# Looking for our first pet!



## novemberblue (Nov 27, 2011)

Hello! I'm Mia and new to Spoiled Maltese, but have been reading the forums for a while now. My husband and I are starting to research breeders for our first pet and we have chosen the Maltese breed (his family has had several). We're located in Georgia, but willing to travel to neighboring states to find a good, reputable breeder! 

After reading the forums, the breeders that I've seen come up often in this area are Jacob Maltese and ILovitt Maltese. I thought I read on here that Jacob Maltese is not breeding anymore.. is that true? And it doesn't look as if ILovitt's website works anymore... am I just missing it, or does anyone have Fran's e-mail where I can contact her?

Any other recommended breeders in the southeast?

Thanks!
Mia


----------



## jmm (Nov 23, 2004)

I'd also recommend Deb Ray of Grace Maltese...seems her website is down right now.


----------



## Hatsumomo77 (Sep 11, 2011)

I have Fran's info for ILovitt Maltese! I'll PM it to you


----------



## zooeysmom (Aug 1, 2011)

Hi Mia, 

Welcome!
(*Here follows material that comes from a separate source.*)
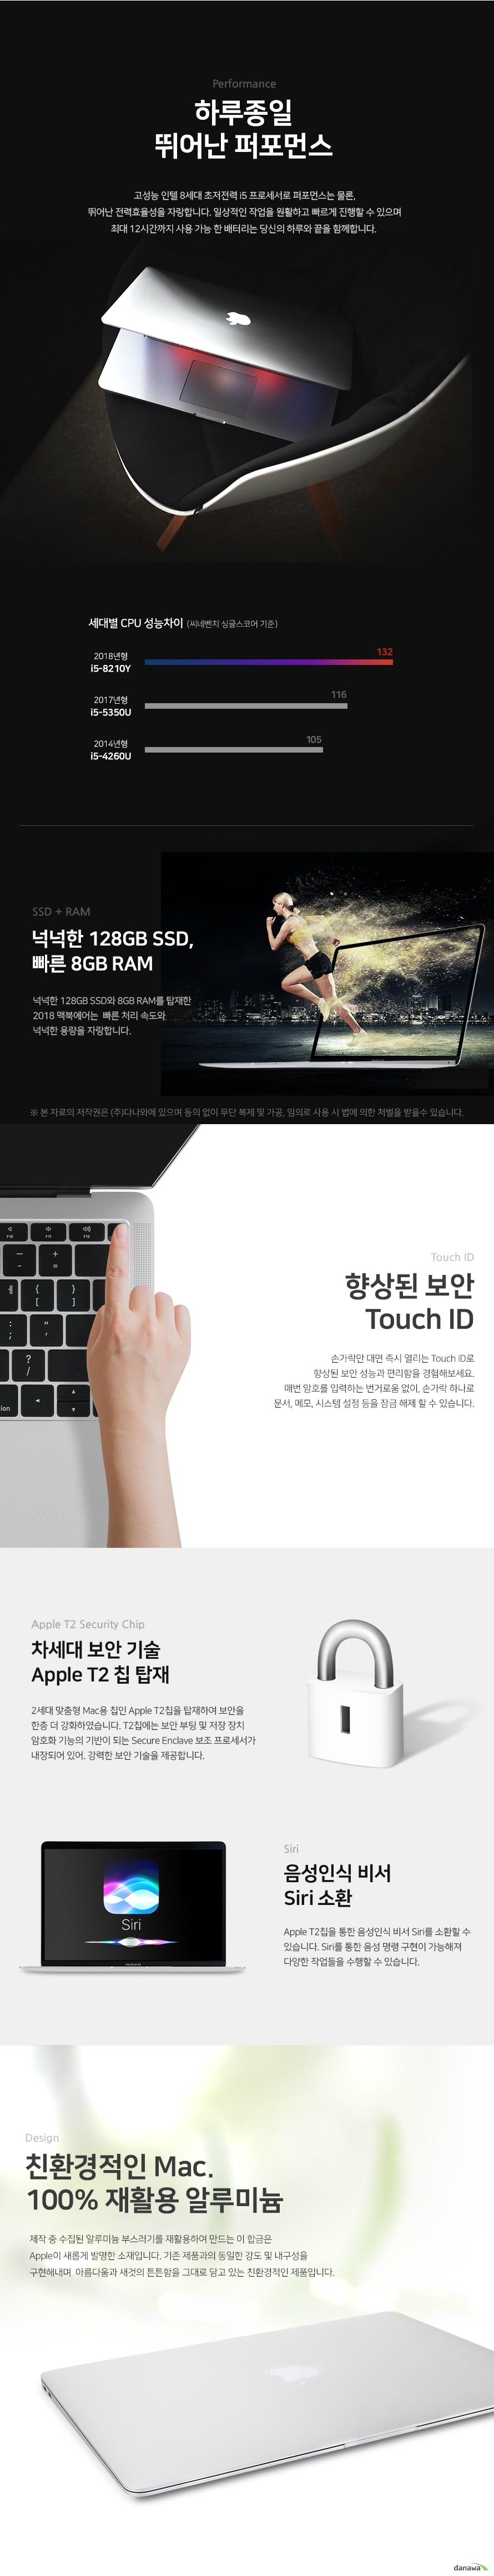 [촬영상품]APPLE 맥북에어 2018년형 MREA2KH/A (SSD 128GB)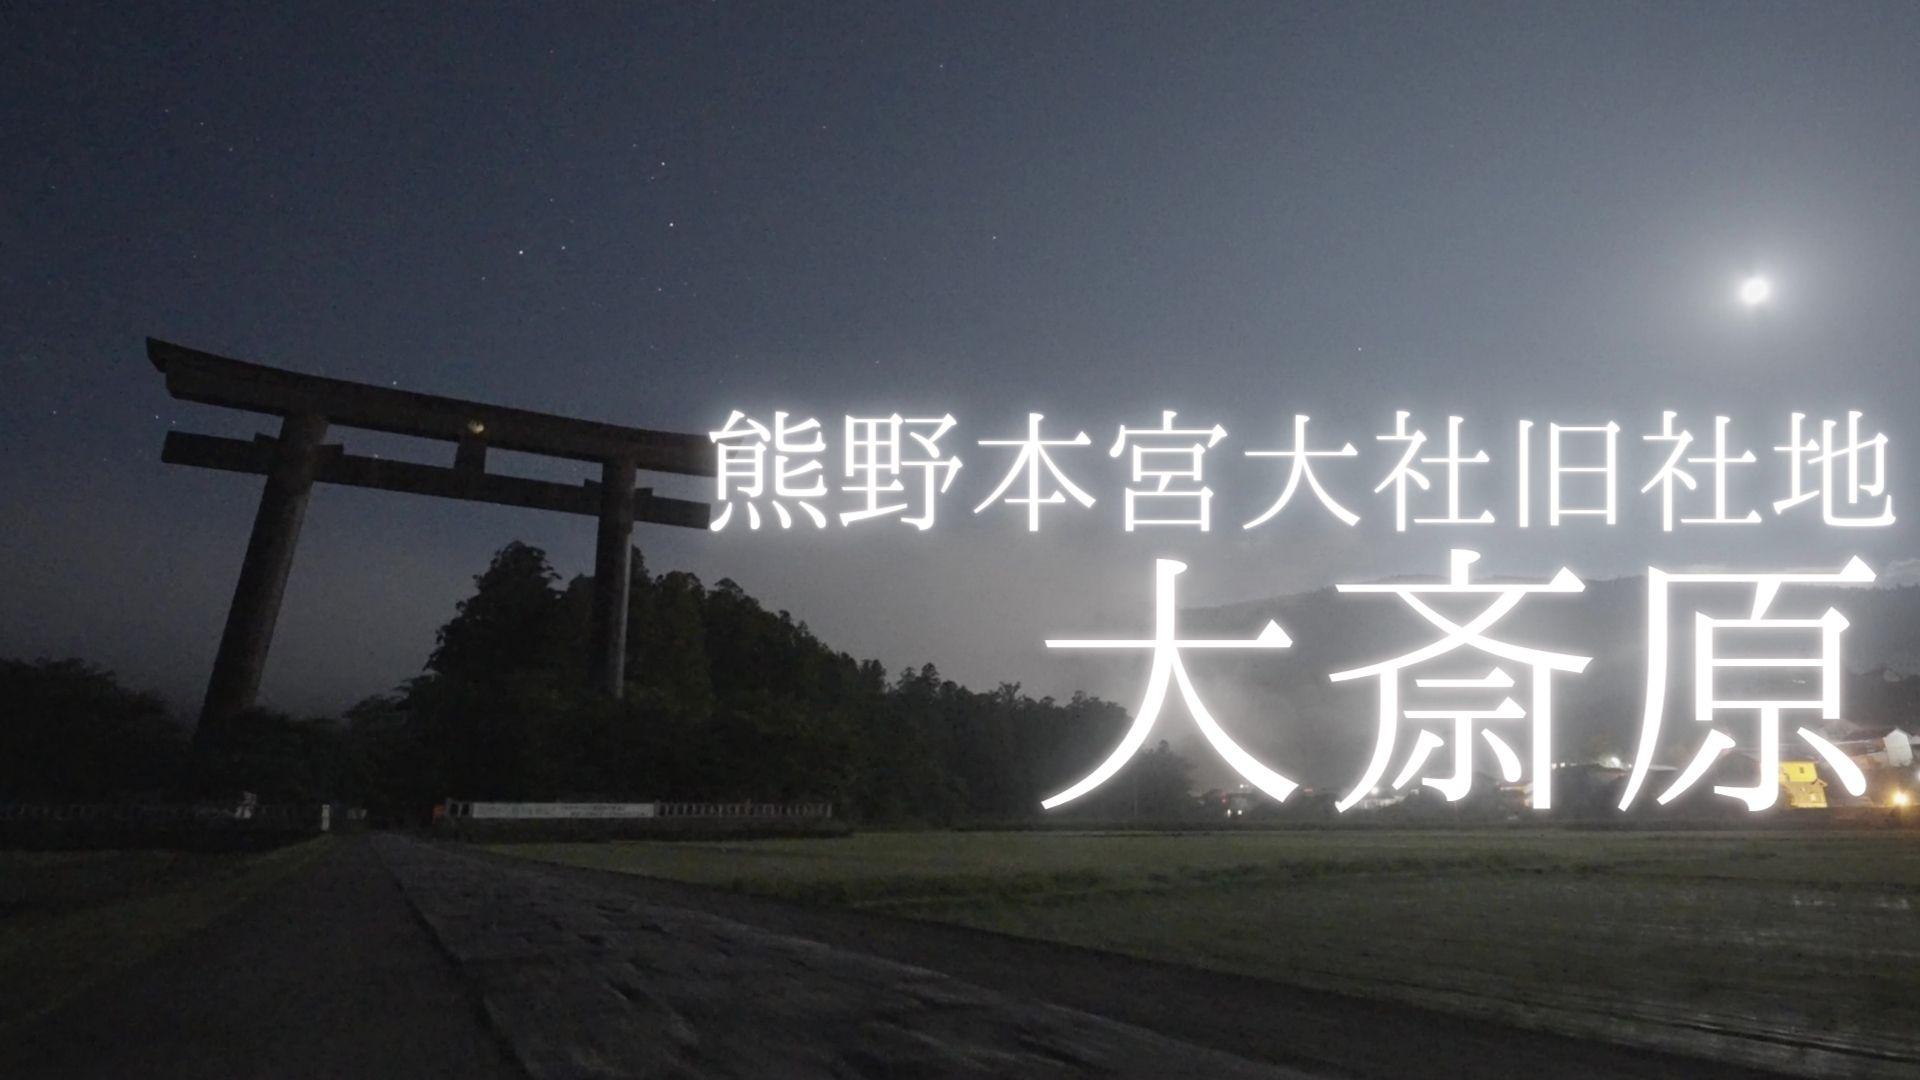 【2021】月と霧と星空。夜の大斎原を動画撮影しました

Sounds like you're on the right track to finding the baby of your dreams


----------



## Poppy's mommy (Dec 21, 2007)

I have Deborah Ray's information. I will pm ypu. Good luck!


----------



## allheart (Oct 3, 2008)

novemberblue said:


> Hello! I'm Mia and new to Spoiled Maltese, but have been reading the forums for a while now. My husband and I are starting to research breeders for our first pet and we have chosen the Maltese breed (his family has had several). We're located in Georgia, but willing to travel to neighboring states to find a good, reputable breeder!
> 
> After reading the forums, the breeders that I've seen come up often in this area are Jacob Maltese and ILovitt Maltese. I thought I read on here that Jacob Maltese is not breeding anymore.. is that true? And it doesn't look as if ILovitt's website works anymore... am I just missing it, or does anyone have Fran's e-mail where I can contact her?
> 
> ...


 
Hi Mia, sorry, just seeing this Fran from I lovitt has a new web-site
I Lovitt Maltese


That is where I got my little Ana (the little one on my signature). Fran is the sweetest and my experience has been wonderful. Ana is a true treasure.

I wish you the best!!!!

Christine


----------



## novemberblue (Nov 27, 2011)

Thanks for the replies! So Deborah Ray of Grace Maltese is a close friend to Debbie of Jacob Maltese? I will contact both Deb and Fran.


----------